Colin-WoodardHere are my takes.

  • This book confirms a lot of what I talk about here on Informed Not Inflamed.  So is Woodard just an echo chamber for me?  Maybe, but he is more articulate with more research.
  • The basis of his book is our country’s formula – you could say foundational principles. And the formula today is unbalanced or wildly out of whack which might be leading to our populist/nationalist government or worse.
  • What is that formula? Woodard calls it Liberty versus the Common Good.  You’ve heard me call it Freedom vs Responsibility.  You can also add the extremes of Capitalism vs. Collectivism.  And right now the Individual reigns, my term, like a monarch or slave master.
  • America works perfectly when the formula is balanced; when Americans are allowed as individuals to find their freedom to make personal gains while also contributing to the common good and allowing for a fair playing field for all Americans. Look at the current tax reform bill and the 2010 TARP Plan that shovels money to the wealthiest while giving crumbs to the majority of struggling Americans.
  • Woodard proposes an “American Way” which pursue happiness through free and fair competition among individuals. In other words, politicians should emphasize fairness in tax reform, regulations, and education that would ensure a level playing field.  Here’s what baseball would look like if our politics dictated the game.
  • Is that likely in today’s political atmosphere?   No.  But the notion needs to be instilled especially in Millennials who may dominate the voting and whose future depends on it.
  • Is Woodard taking a political stand here? Yes and no.  Yes, he is offering a solution.  But I wouldn’t say it is directly aimed at Democrats, who could really benefit from it.  I think he includes non-Trump Republicans, moderates, blue collar workers, and those who can’t claim either party.
  • 11-separate-nationsWoodard uses one of his previous book, American Nations: A History of the Eleven Rival Regional Cultures of North America, another great read, which breaks down the 11 Nations within the United States. Like a computer programmer, he takes the equation that is Freedom vs. The Common Good and he codes it with the conflicting nation/regions of America.  And it is brilliant.

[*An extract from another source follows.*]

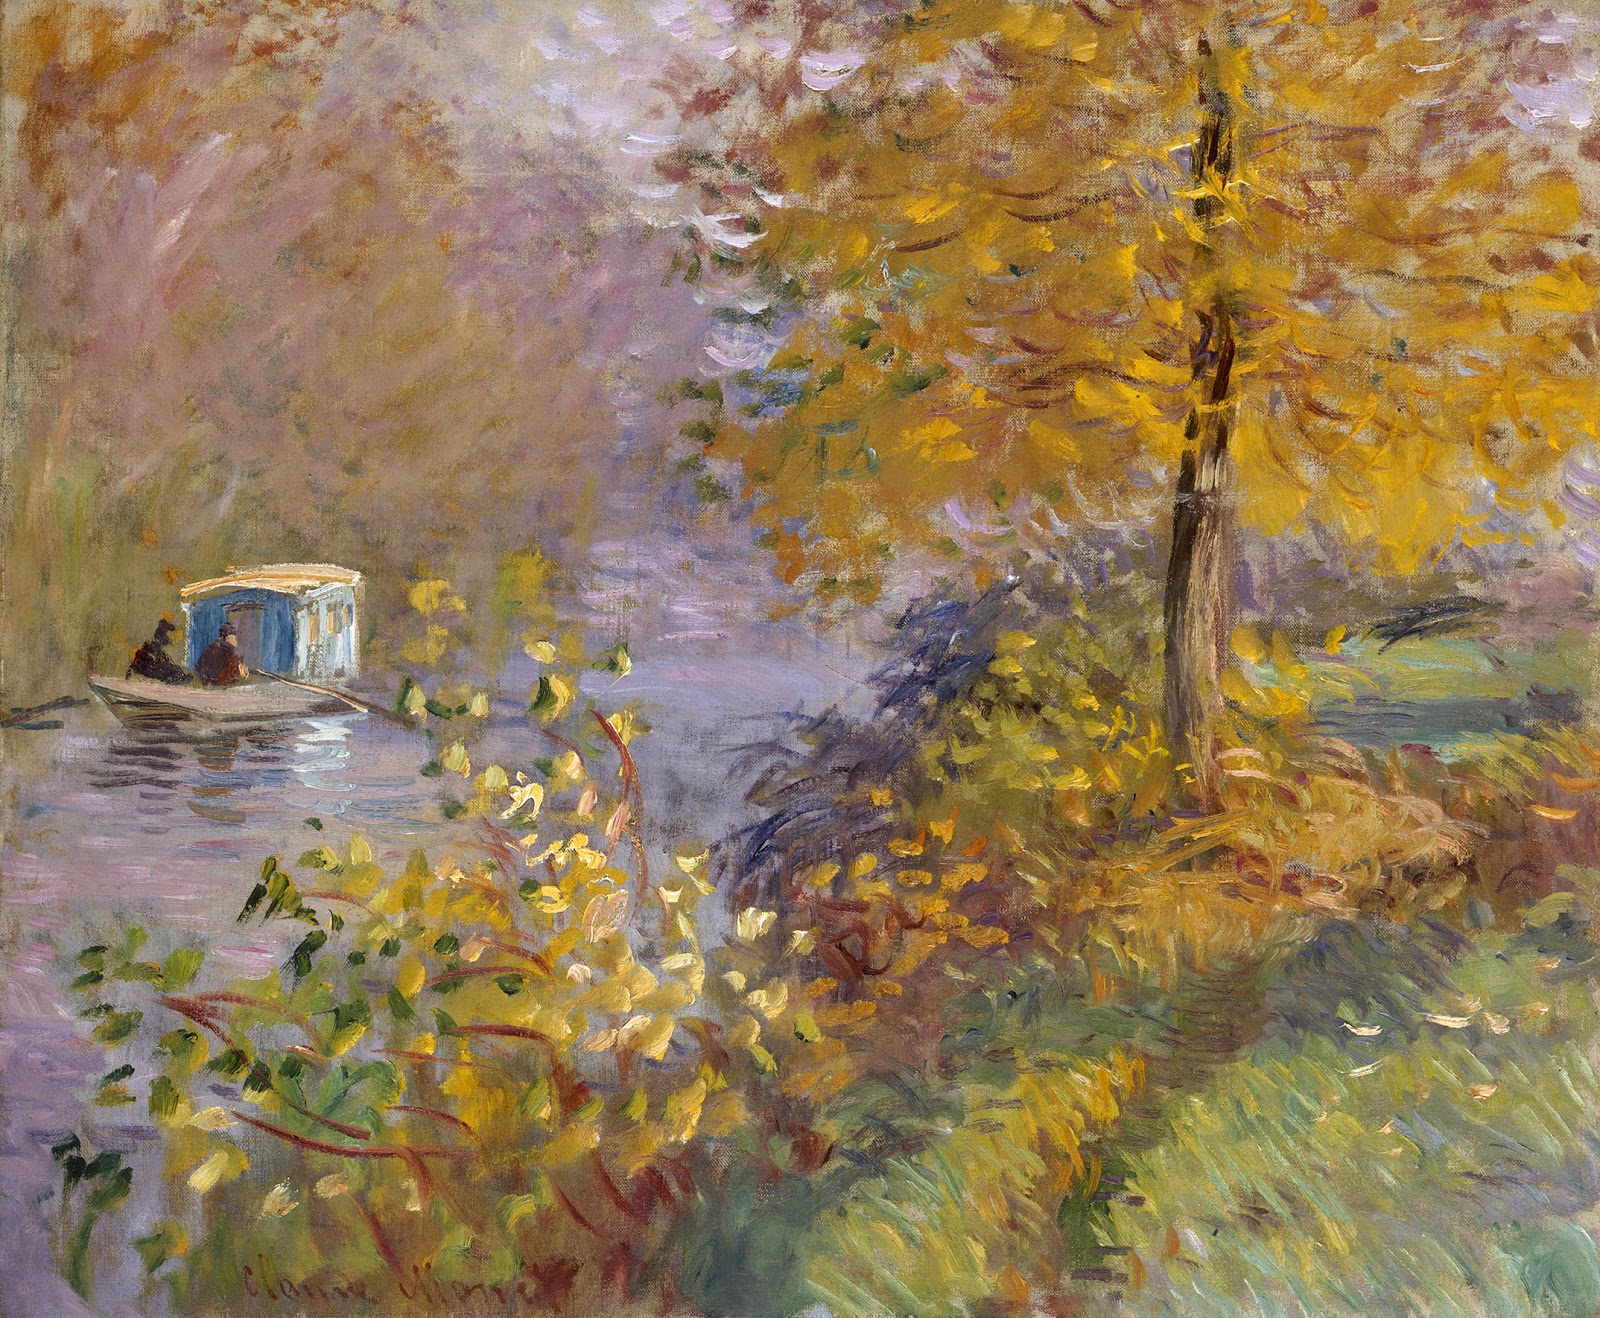 Claude+Monet-1840-1926 (826).jpg

  • His algorithmic mosaic provides two things for me. The first is I have lived in five of those regions and he is spot on.  Second, you begin to look at the US like post-Brexit European Union. 
  • Woodard helps answer questions like why is the Republican Party so dominated by laissez-faire libertarians who seems to take on the – my term again — slave master ways of the Deep South. And why has this pre-Confederate ideology been embraced by other parts of the country like – using Woodard’s names – Greater Appalachia, The Far West, The Midlands, and Tidewater.  Again, reading this might fan some flames if you are anti-GOP and anti-Trump, but it should also give you some logical reasons for these beliefs.
  • Woodard also confirms my findings that the political shift from a moderate country to a far right country began in the 1960s. The modern day aversion to a balanced country was because of two monumental events: The Voting Rights Act and Vietnam.  The Voting Rights Act turned the South from Democratic blue to solid GOP red while the debacle of the Vietnam War set off an undercurrent of belief with conservatives, moderates and liberals that the government could not be trusted.  That mistrust created Democrats like Bill Clinton who veered to the center in the 1990s embracing more corporate interests while leaving blue collar workers out of Democratic favor – leaving the party and the country in the problems we still have today.
  • Woodard, unlike me, doesn’t go into predictions. He merely states a solution.  But his solution will seem, to many, like a turn towards Socialism.  And over the next few years if Millennials and women take political power, it will look more Socialistic: more government programs for re-training and infrastructure with higher taxes on the wealthy.
  • America will get back into balance once we Baby Boomers die off or lose power. Millennials will be a bigger voting bloc in 2020 – if they vote.  So expect a shift back to the Common Good.  But, and again my take here, expect some upheaval, violence, and some scary economic moments.